Senior CRA Responsibilities:

• Independently performs a wide variety of onsite and offsite monitoring visit types. May be assigned studies that require complex therapeutic knowledge.
• Serves as a preceptor, providing training and coaching feedback to less experienced clinical team members.
• Gathers and reviews information for assigned sites and identifies inconsistencies. Independently assesses risk and escalates as applicable. Provides corrective and preventative actions.
• Assists with ad hoc, short-term assignments in support of study or departmental initiatives with minimal management support.
• May be assigned clinical tasks where advanced negotiating skills are required.

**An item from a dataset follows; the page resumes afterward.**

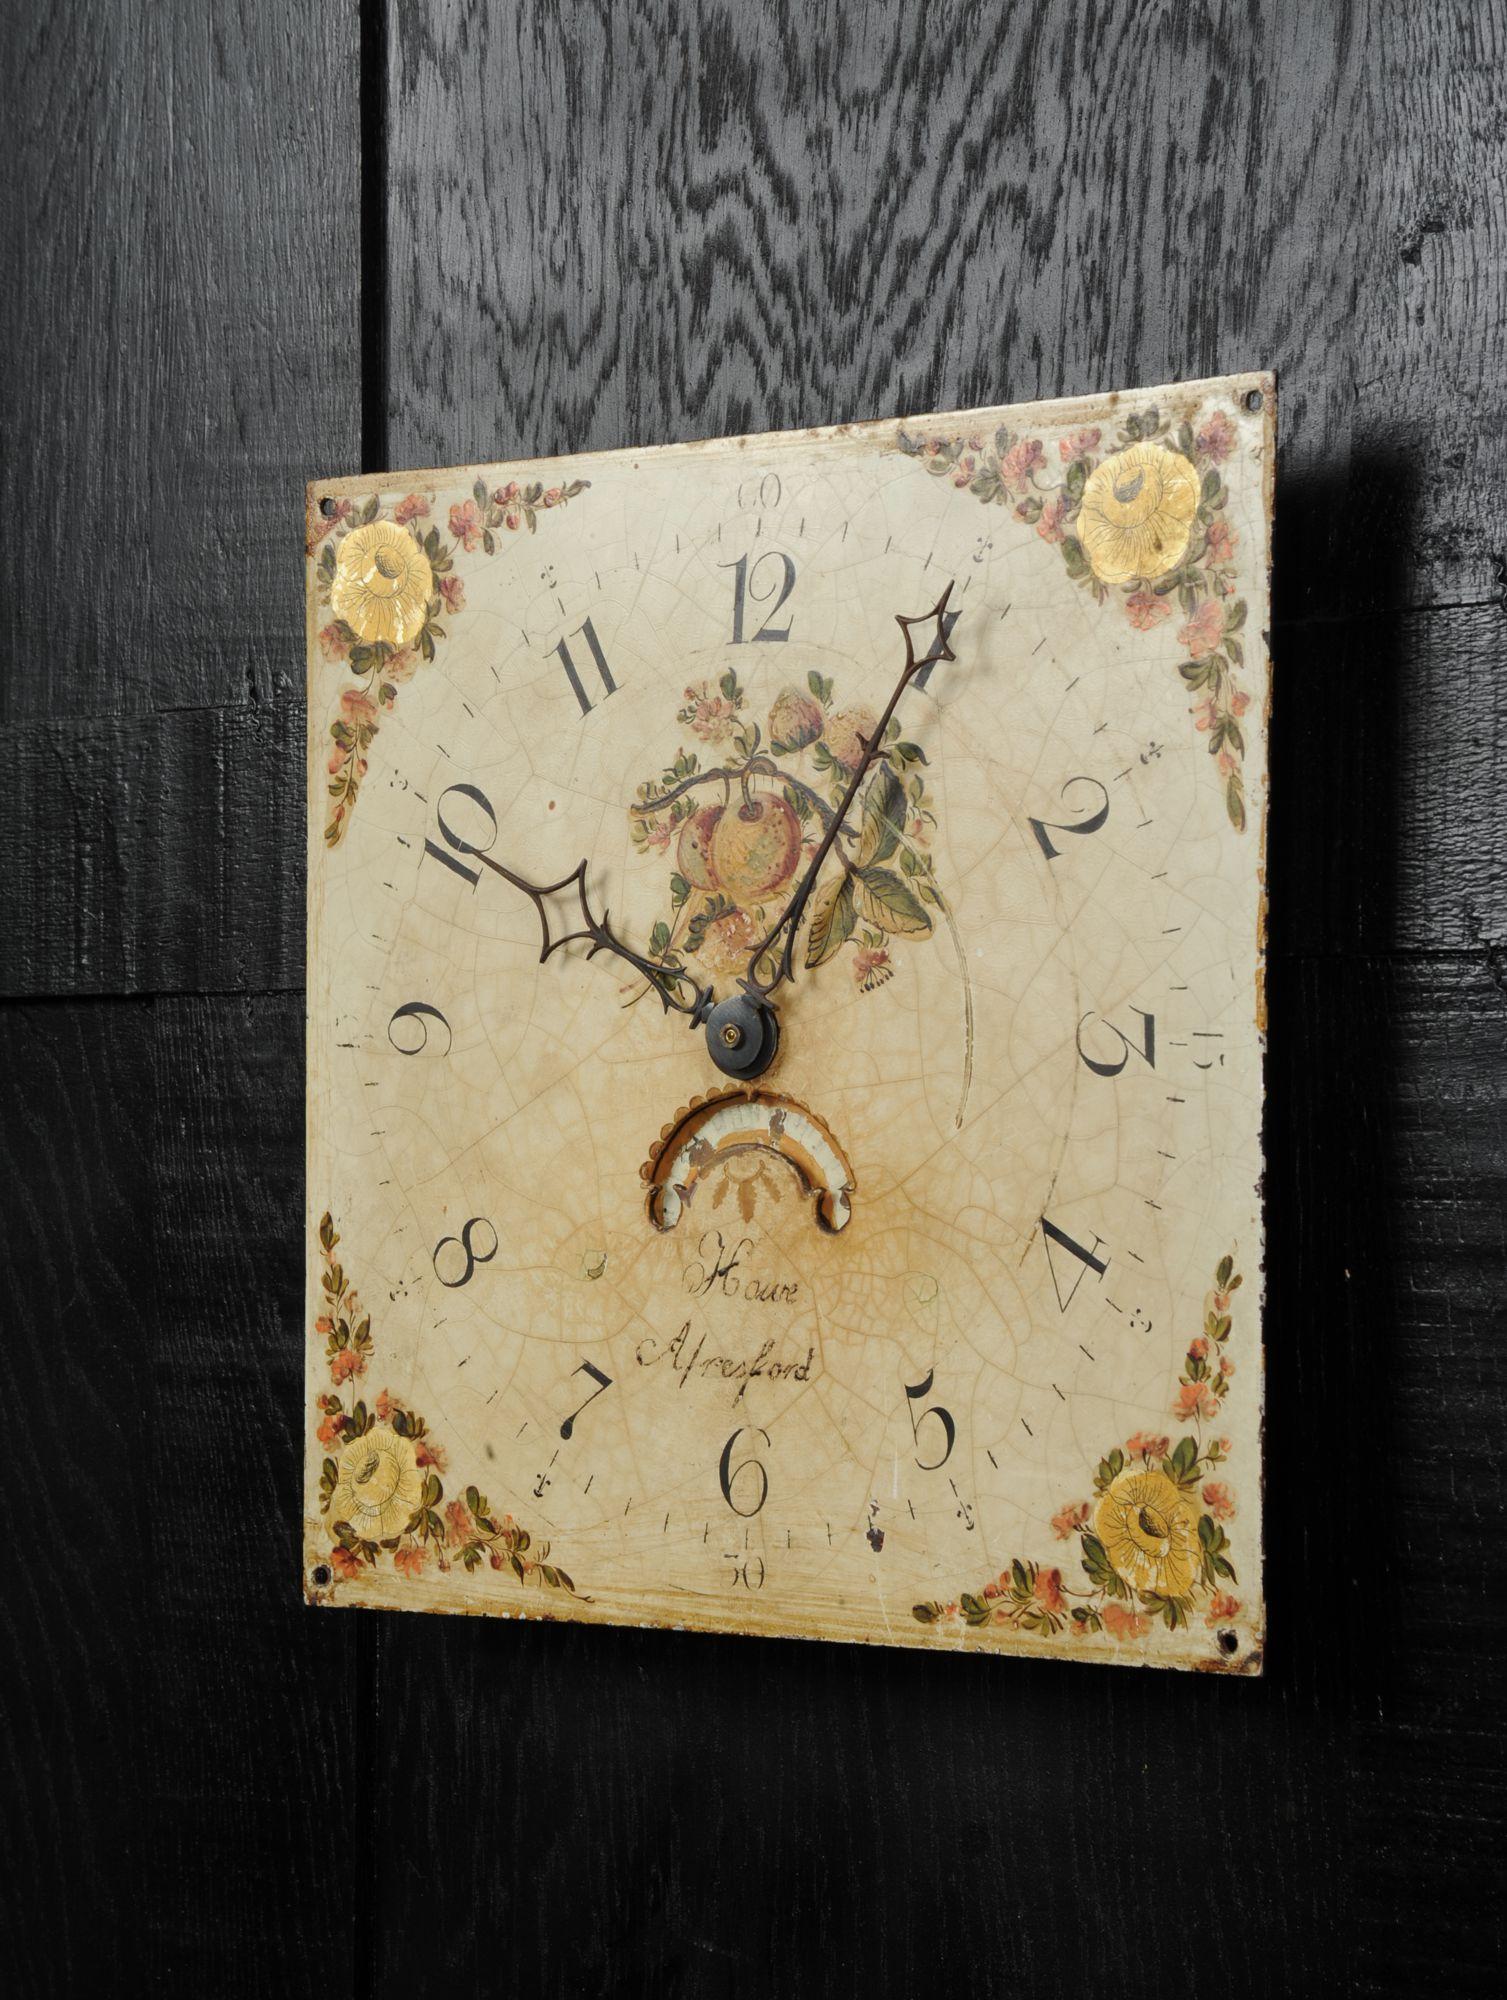 Folk Art Antique English Clock Dial Face, Country Garden, Working

• 4 years of experience supporting clinical trials including 3 years of on-site monitoring experience
• Advanced knowledge of the drug development process
• Advanced knowledge and practical utilization of ICH- GCP and applicable regulatory requirements
• Sound knowledge of applicable policies and procedures, SOPs, work instructions, and other guidance documents
• Excellent spoken and written communication skills; good presentation skills
• Advanced interpersonal, collaboration, and time management skills
• High proficiency with Microsoft Office and company collaboration applications
• Advanced skill in the utilization of applicable clinical systems
• Advanced critical thinking skills
• Excellent organizational skills
• Ability to focus on detail for extended periods of time; high attention to accuracy
• Ability to travel extensively
• Ability to establish and maintain effective working relationships with investigative site staff
• Good negotiation skills

Education:

• Undergraduate degree or international equivalent in clinical, science, or health-related field from an accredited institution; health care professional licensure, i.e., registered nurse
  • Equivalent combination of education, training and relevant experience may be considered in place of the education and experience stated above. All employees must read, write and speak fluent English and host country language.

Benefits of Working in ICON:

Our success depends on the knowledge, capabilities and quality of our people. That’s why we are committed to developing our employees in a continuous learning culture – one where we challenge you with engaging work and where every experience adds to your professional development.

At ICON, our focus is to provide you with a comprehensive and competitive total reward package that comprises, not only an excellent level of base pay, but also a wide range of variable pay and recognition programs. In addition, our best in class employee benefits, supportive policies and wellbeing initiatives are tailored to support you and your family at all stages of your career - both now, and into the future.

ICON, including subsidiaries, is an equal opportunity and inclusive employer and is committed to providing a workplace free of discrimination and harassment. All qualified applicants will receive equal consideration for employment without regard to race, color, religion, sex, sexual orientation, gender identity, national origin, disability or protected veteran status.

If, because of a medical condition or disability, you need a reasonable accommodation for any part of the application process, or in order to perform the essential functions of a position, please let us know.